Acute diffuse peritonitis is a common surgical emergency worldwide and a major contributor to non-trauma related death toll. Its causes vary widely and are correlated with mortality. Community acquired peritonitis seems to play a major role and is frequently related to hollow viscus perforation. Data on the outcome of peritonitis in the tropics are scarce. The aim of this study is to analyze the impact of tropic latitude causes of diffuse peritonitis on morbidity and mortality.

Methods

We retrospectively reviewed the records of 305 patients operated on for a diffuse peritonitis in two regional hospitals in the South-West Region of Cameroon over a 7 years period. The contributions of various causes of peritonitis to morbidity and mortality were analyzed.

Results

The diagnosis of diffuse peritonitis was suggested on clinical ground only in more than 93 % of cases. The most common causes of diffuse peritonitis included peptic ulcer perforation (n = 69), complications of acute appendicitis (n = 53) and spontaneous perforations of the terminal ileum (n = 43).
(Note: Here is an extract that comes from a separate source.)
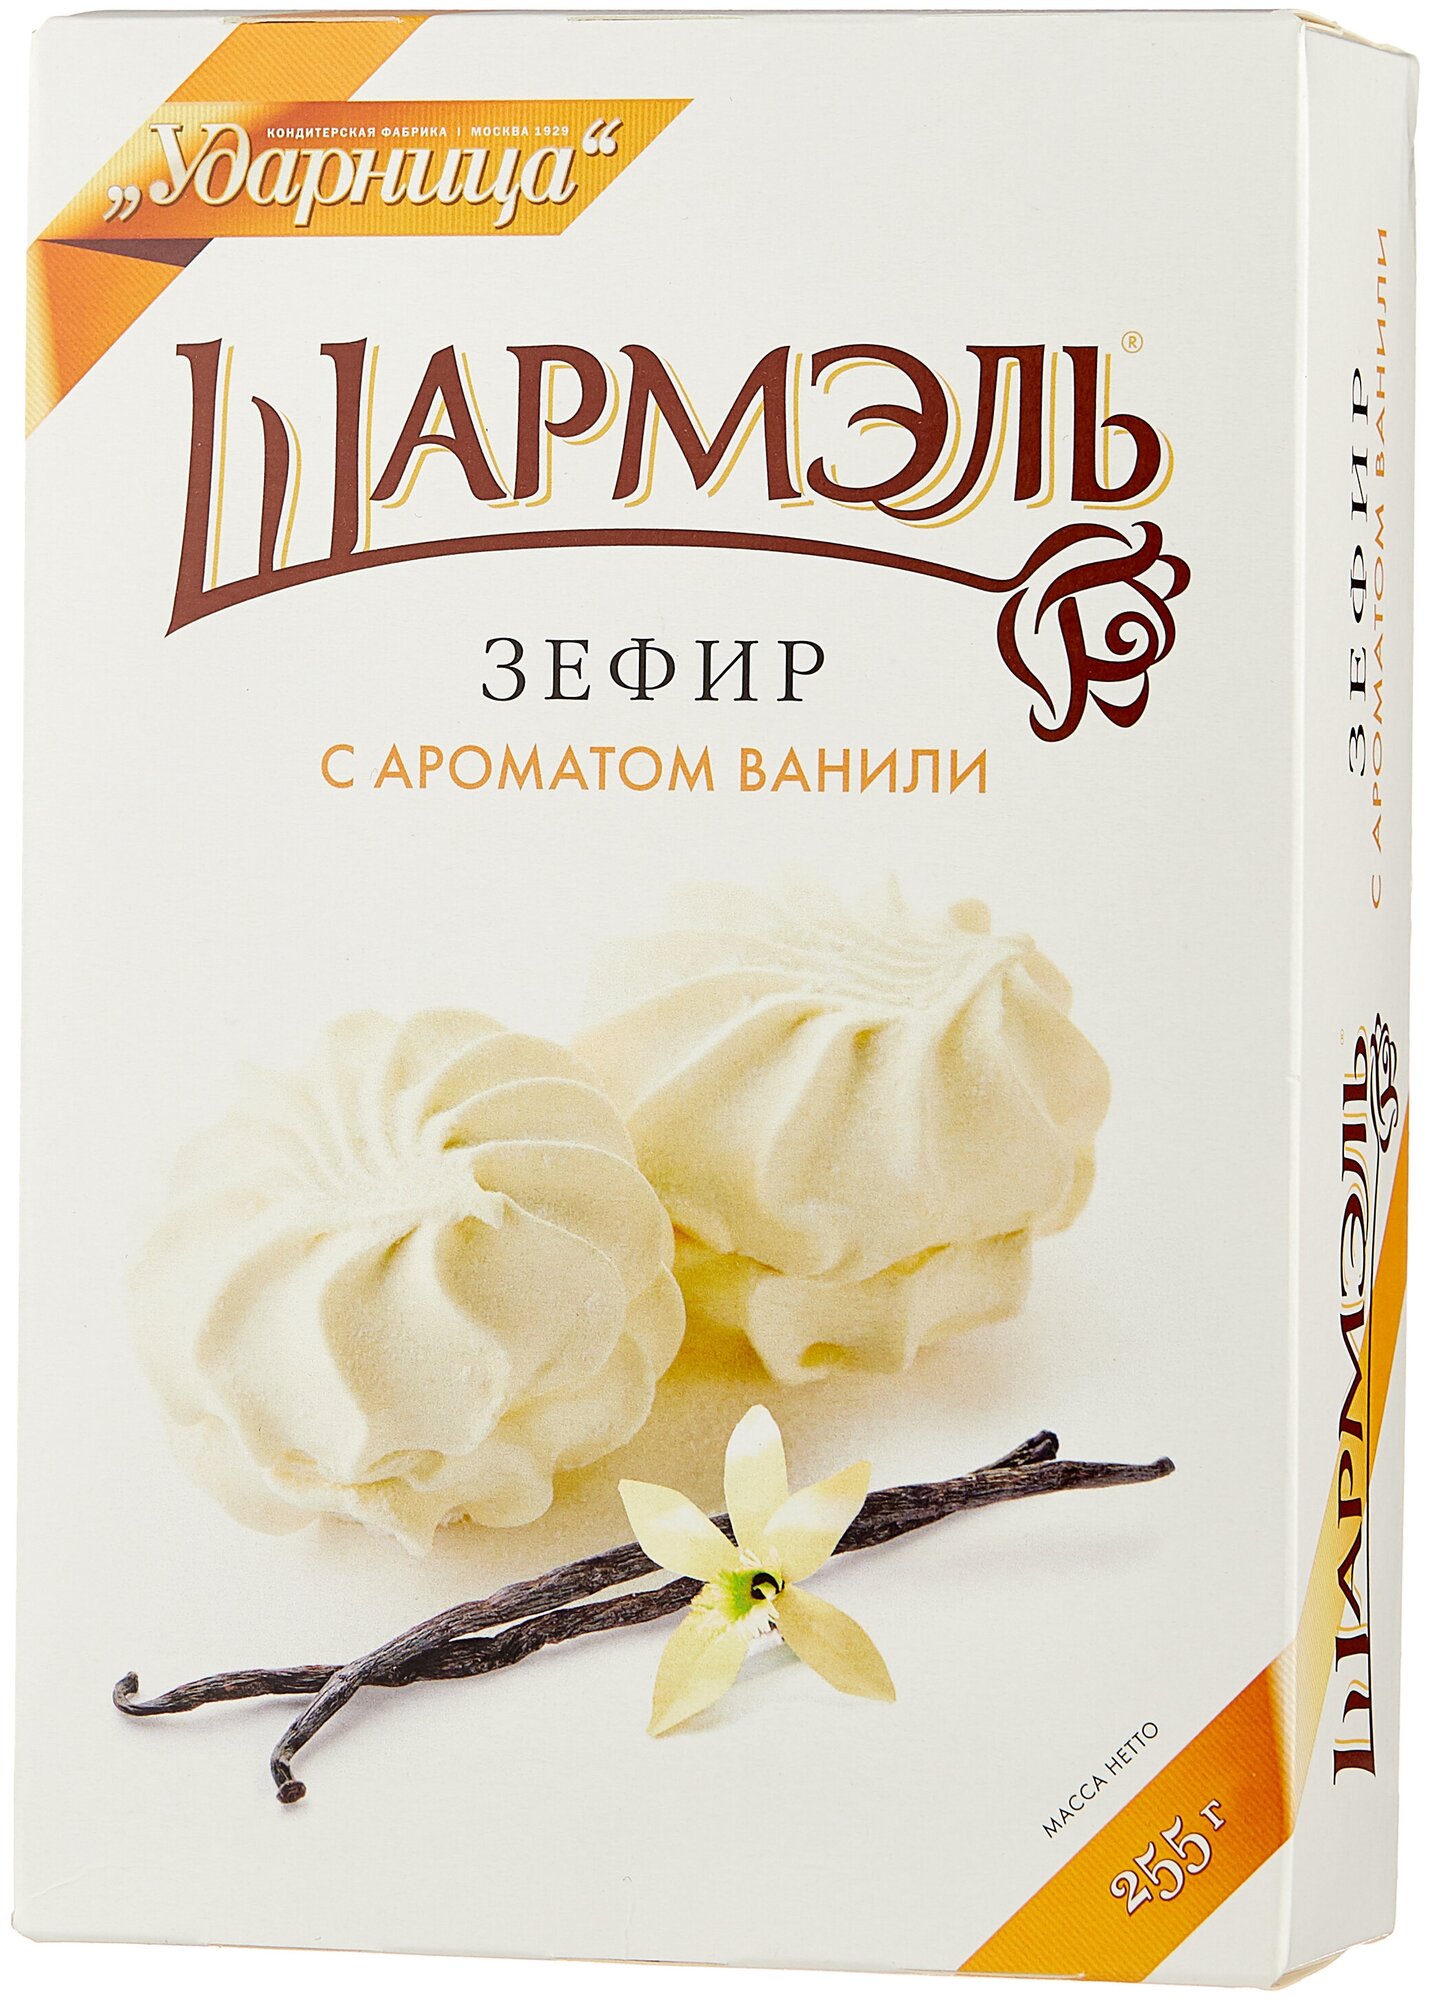 Зефир Шармэль с ароматом ванили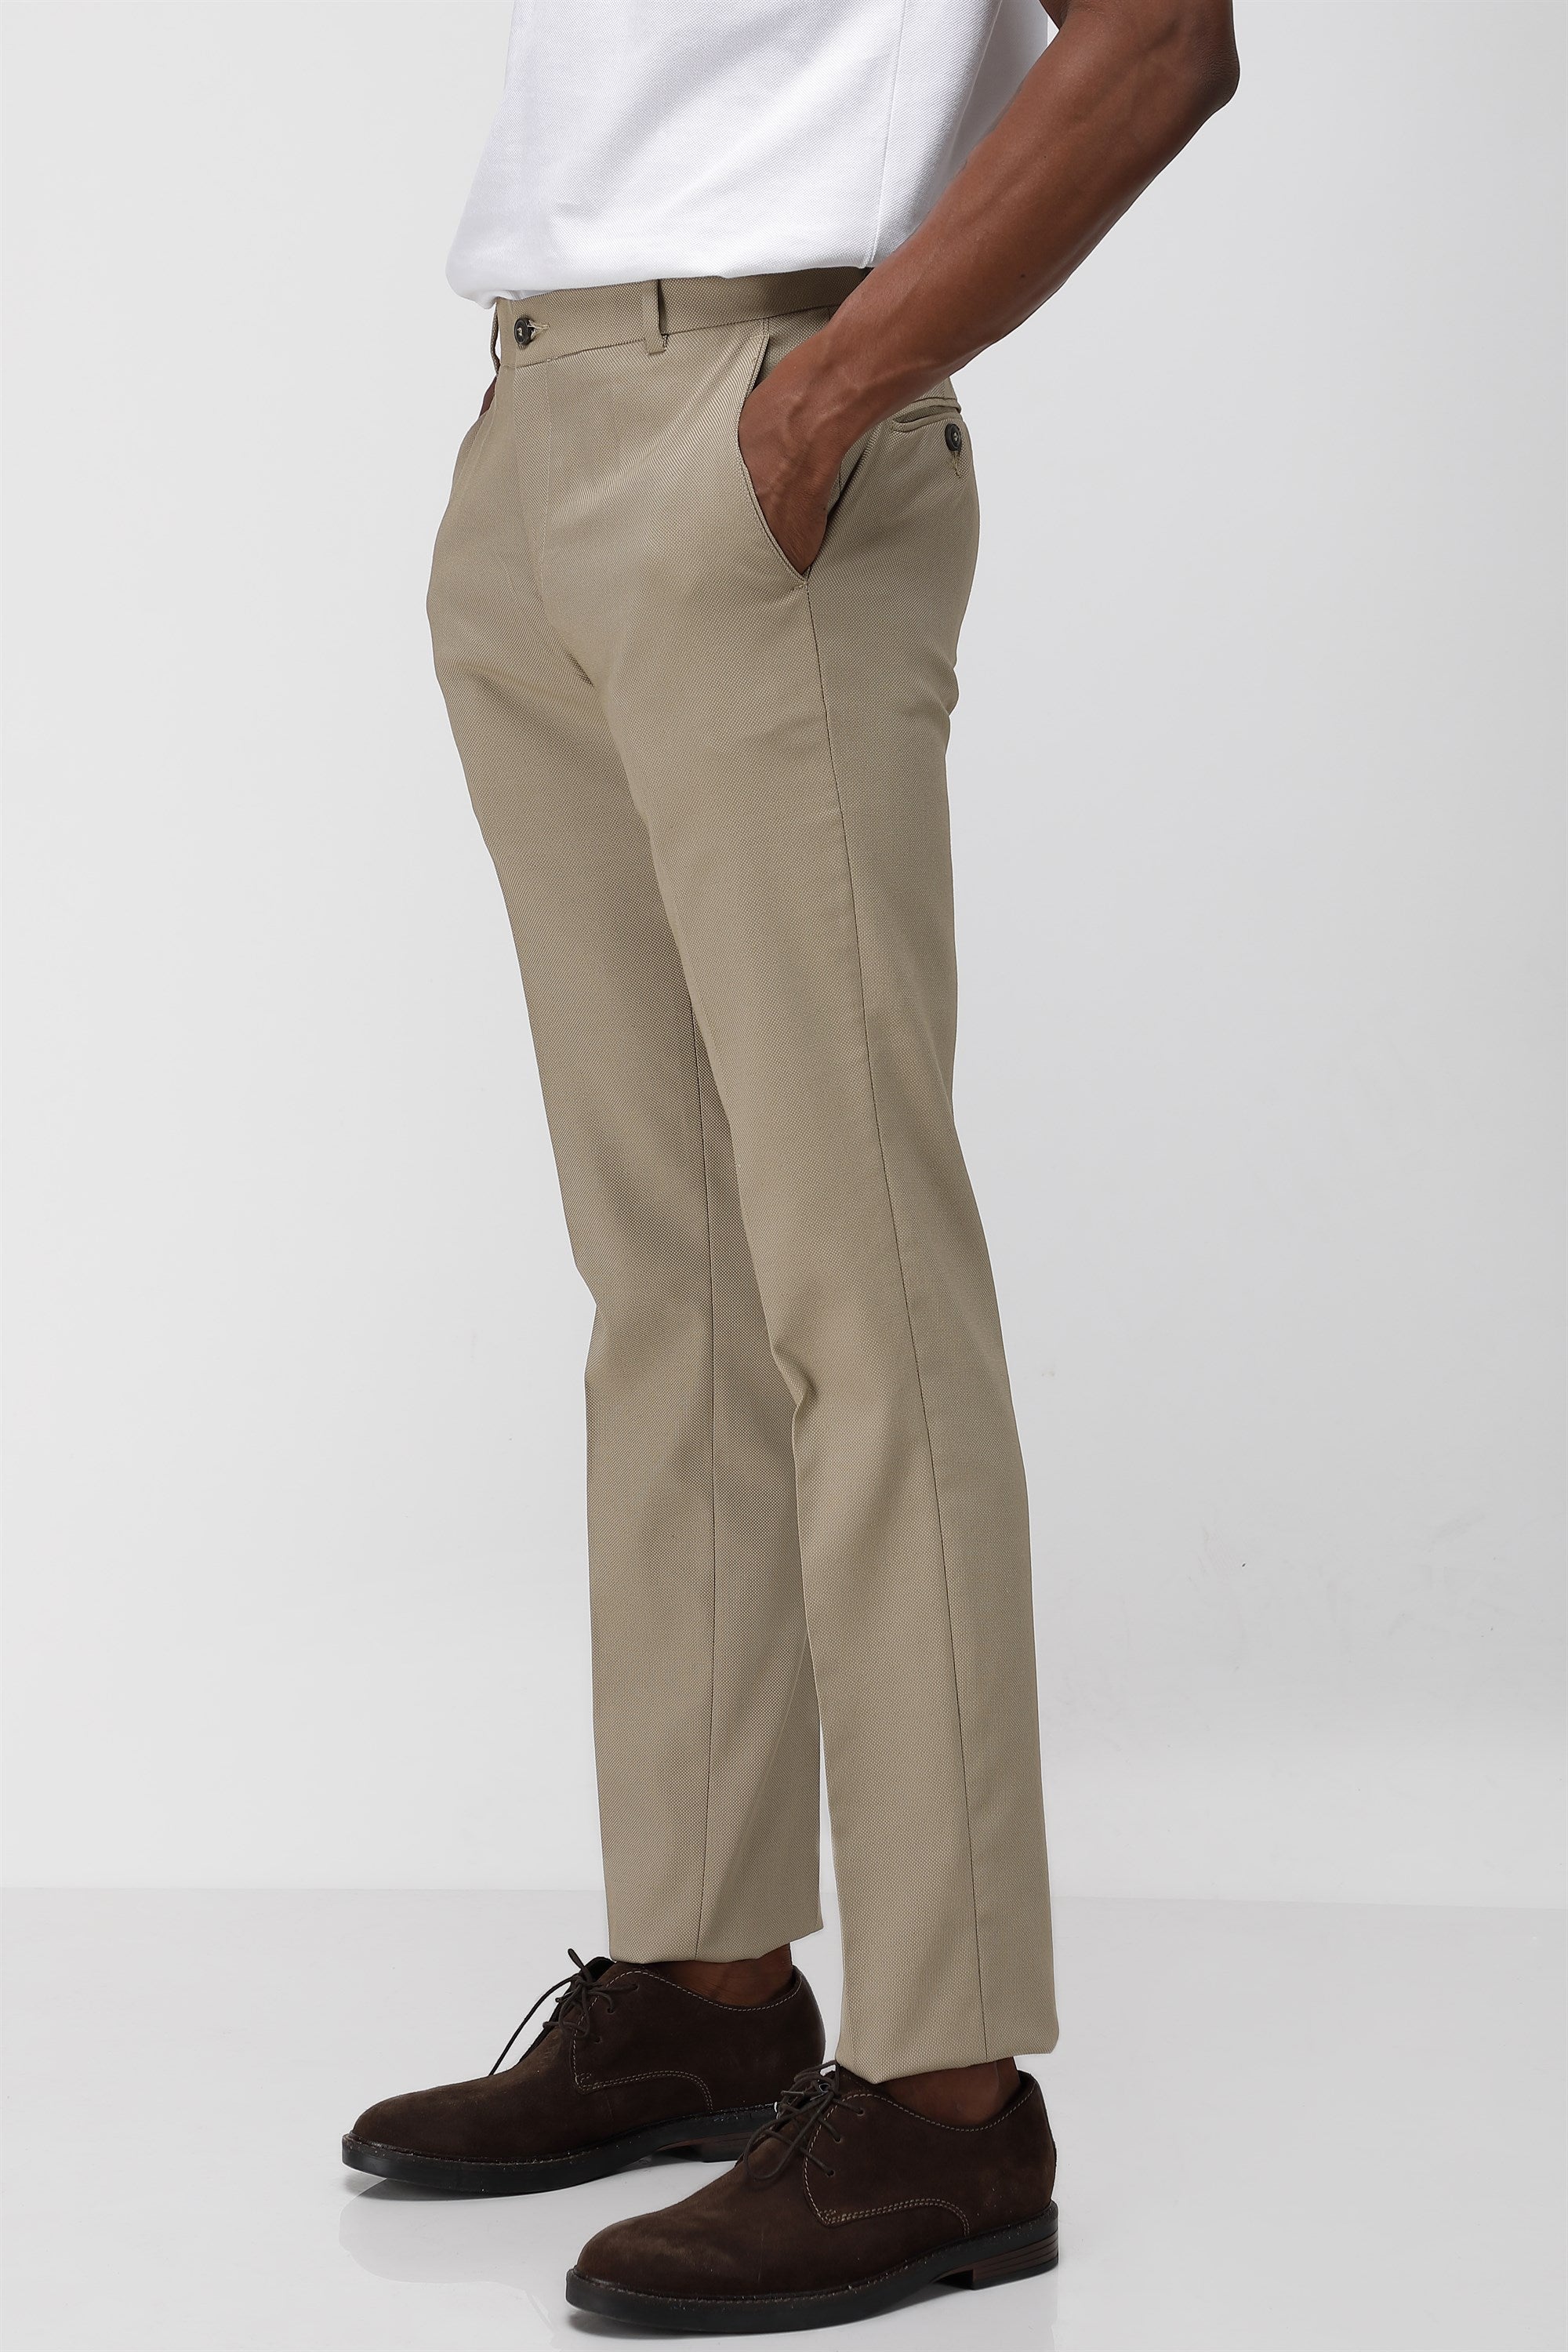 Check Premium Quality Men Trouser Pants, Regular Fit at Rs 389 in Ahmedabad

A total of 142 complications were recorded in 96 patients (31.5 % complication rate). The most common complications included wound dehiscence, sepsis, prolonged paralytic ileus and multi-organ failure. Patients with typhoid perforation of the terminal ileum carried a significantly higher risk of developing a complication (p = 0.002). The overall mortality rate was 15.1 %. The most common cause of death was septic shock. Differential analysis of mortality of various causes of peritonitis indicated that the highest contributors to death toll were typhoid perforation of terminal ileum (34.7 % of deaths), post-operative peritonitis (19.5 %) and peptic ulcer perforation (15.2 %).

Conclusion

The diagnosis of diffuse peritonitis can still rely on clinical assessment alone in the absence of sophisticated imaging tools. Peptic ulcer and typhoid perforations are still major contributors to death toll. Patients presenting with these conditions require specific attention and prevention policies must be reinforced.